Similar to SPECsfs [21], TBBT's trace player bypasses the NFS client and sends NFS requests directly to the tested file server using user-level RPC. The software architecture of the TBBT player, however, is different from SPECsfs. As shown in Figure 1, the workload generator of SPECsfs on each client machine uses a multi-process software architecture, with each process dispatching NFS requests using synchronous RPC. In contrast, TBBT uses a 3-thread software structure, as shown in Figure 2, which is more efficient because it reduces the context switching and scheduling overhead. The I/O thread continuously reads trace records into a cyclic memory buffer called the operation queue. The send thread and receive thread send NFS requests to and receive their replies from the NFS server under test using asynchronous RPC requests. The operation queue is also called the lookahead window. The size of the lookahead window should be several times larger than the theoretical concurrency bound of the input trace to ensure that the send thread is always able to find enough concurrent requests at run time.
The send thread determines whether an NFS request in the input trace is ready to be dispatched by checking (1) whether it follows the ordering policy (2) whether the request's timestamp is larger than the current time-stamp, and (3) whether the number of outstanding requests to a given server exceeds the given threshold. The second check is only for timestamp-based policy. The third is to avoid overloading the test file server. The first check is straightforward in the case of conservative order. For FS dependency order, we use object locking as illustrated in Figure 2. Before dispatching an NFS request, the send thread acquires the read/write lock(s) on all the object(s) associated with the request (and the reply for operations that refer to additional objects in their reply). Some locks are released after the request is dispatched, other locks are released after the reply is received.
During trace replay, requests are pre-determined, rather than computed on the fly according to current replay status, as in some synthetic benchmarks. This means that a robust trace player needs to properly react to transient server errors or failures in such a way that it can continue to play the trace for as long as possible.
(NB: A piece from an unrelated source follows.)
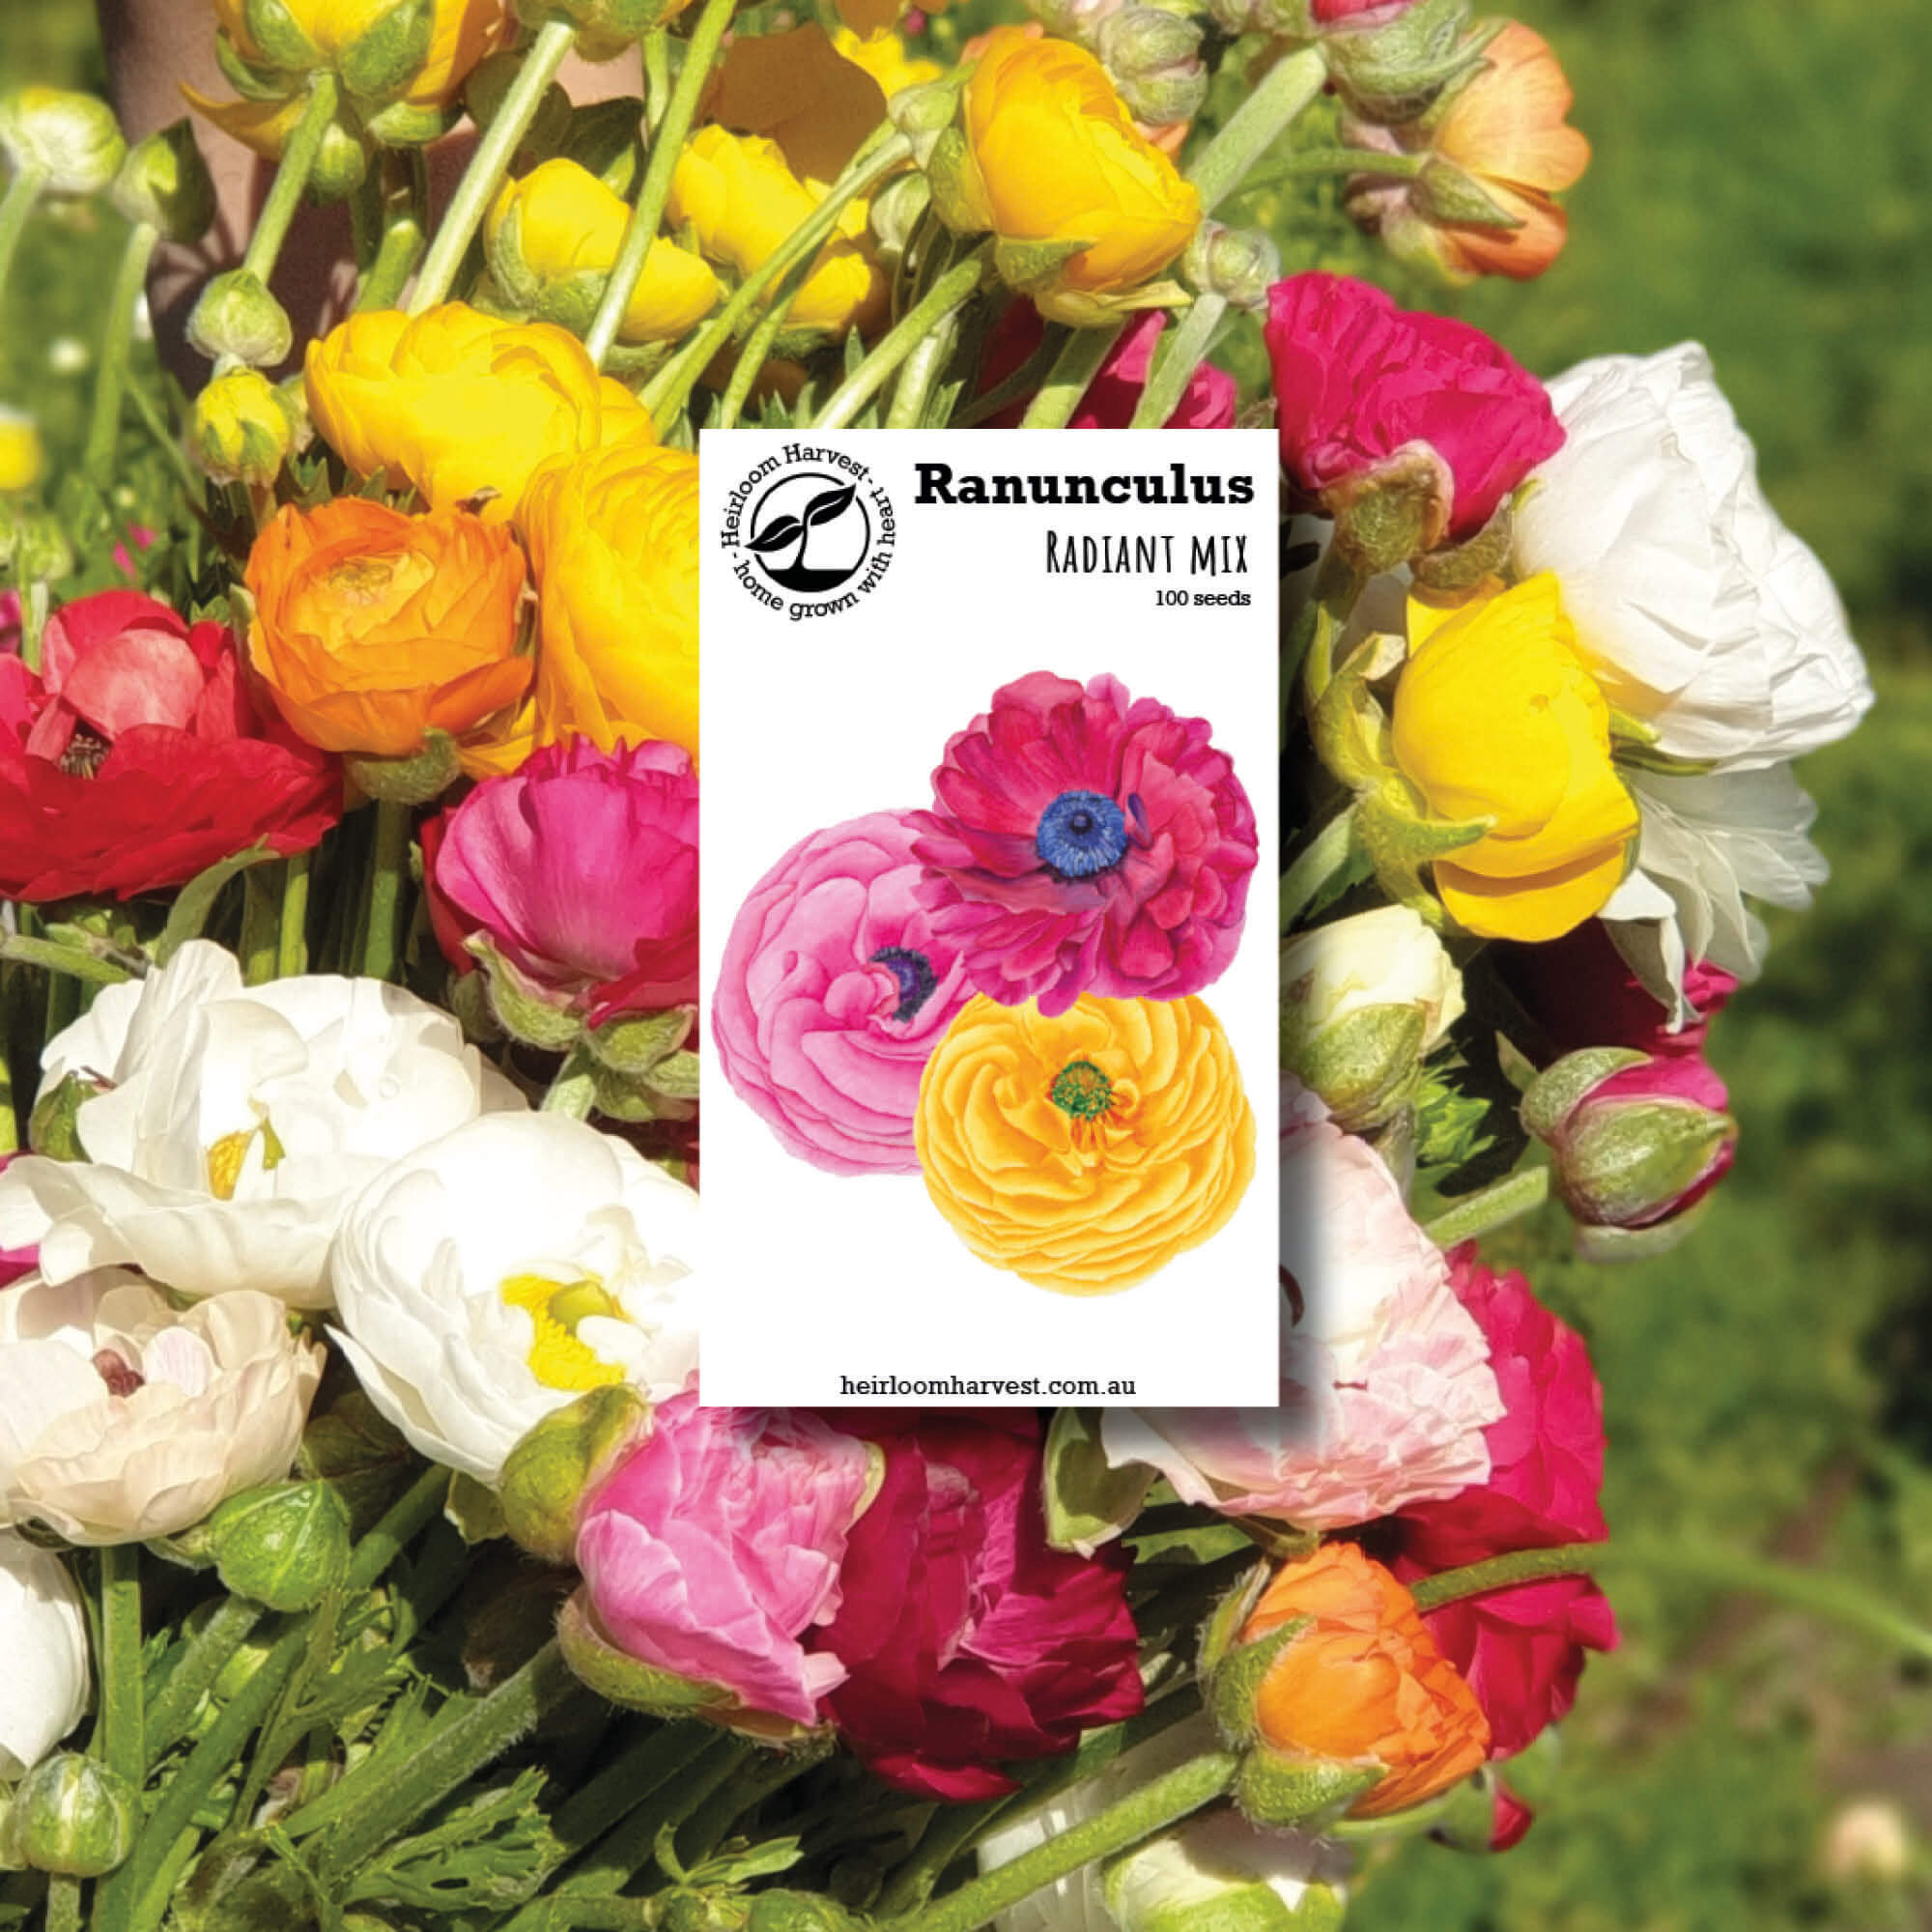 Ranunculus Organic flower seeds made by Heirloom Harvest in Australia from Your Wild Books

This requires the trace player to identify subsequent requests in the trace that are affected by a failed request, directly or indirectly, and skip them, and to handle various run-time errors such that their side effects are effectively contained. For example, because a create request is important for a trace replay to continue, it will be retried multiple times if the request fails; however, a failed read request will not be retried so as not to disrupt the trace replay process.
In this section, we examine the validity of the trace-based file system benchmarking methodology, analyze to what extent we may scale the workload, explore the difference between the evaluation results from TBBT and SPECsfs and conclude with a measure of the run-time cost of our TBBT prototype.
The NFS traces used in this study were collected from the EECS NFS server (EECS) and the central computing facility (CAMPUS) at Harvard over a period of two months in 2001 [7]. The EECS workload is dominated by metadata requests and has a read/write ratio of less than 1.0. The CAMPUS workload is almost entirely email and is dominated by reads. The EECS trace and the CAMPUS trace grow by 2 GBytes and 8 GBytes per day, respectively. Most of the Harvard traces have a packet loss ratio of between 0.1-10%.
We use TBBT to drive two NFS servers. The first is the Linux NFSv3 and the second is a repairable file system called RFS. RFS augments a generic NFS server with fast repairability without modifying the NFS protocol or the network file access path [24]. The same machine configuration is used for post-collection trace processing, hosting the test file systems, and running TBBT trace player and SPECsfs benchmark. The machine has a 1.5-GHz Pentium 4 CPU, 512-MByte of memory, and one 40-GByte ST340016A ATA disk drive with 2MB on-disk cache. The operating system is RedHat 7.1.2 with Linux kernel 2.4.7.
An ideal trace analysis and replay tool should be able to faithfully recreate the initial file system image and its disk layout, and replay back the requests in the trace with accurate timing. In this section, we evaluate how successful TBBT is in approximating this ideal. Because the Buttress [2] project has already solved the trace replay timing problem, this issue is omitted here.
In the following experiments, both file system and disk prefetch are enabled, and the file system aging metrics are calculated using disk layout information obtained from the debugfs utility available for the ext2 and ext3 file system. We applied our aging technique to two test file systems. The first is a researcher's home directory (which has been in continuous use for more than 1.5 years) and the second is the initial file system image generated by the SPECsfs benchmark.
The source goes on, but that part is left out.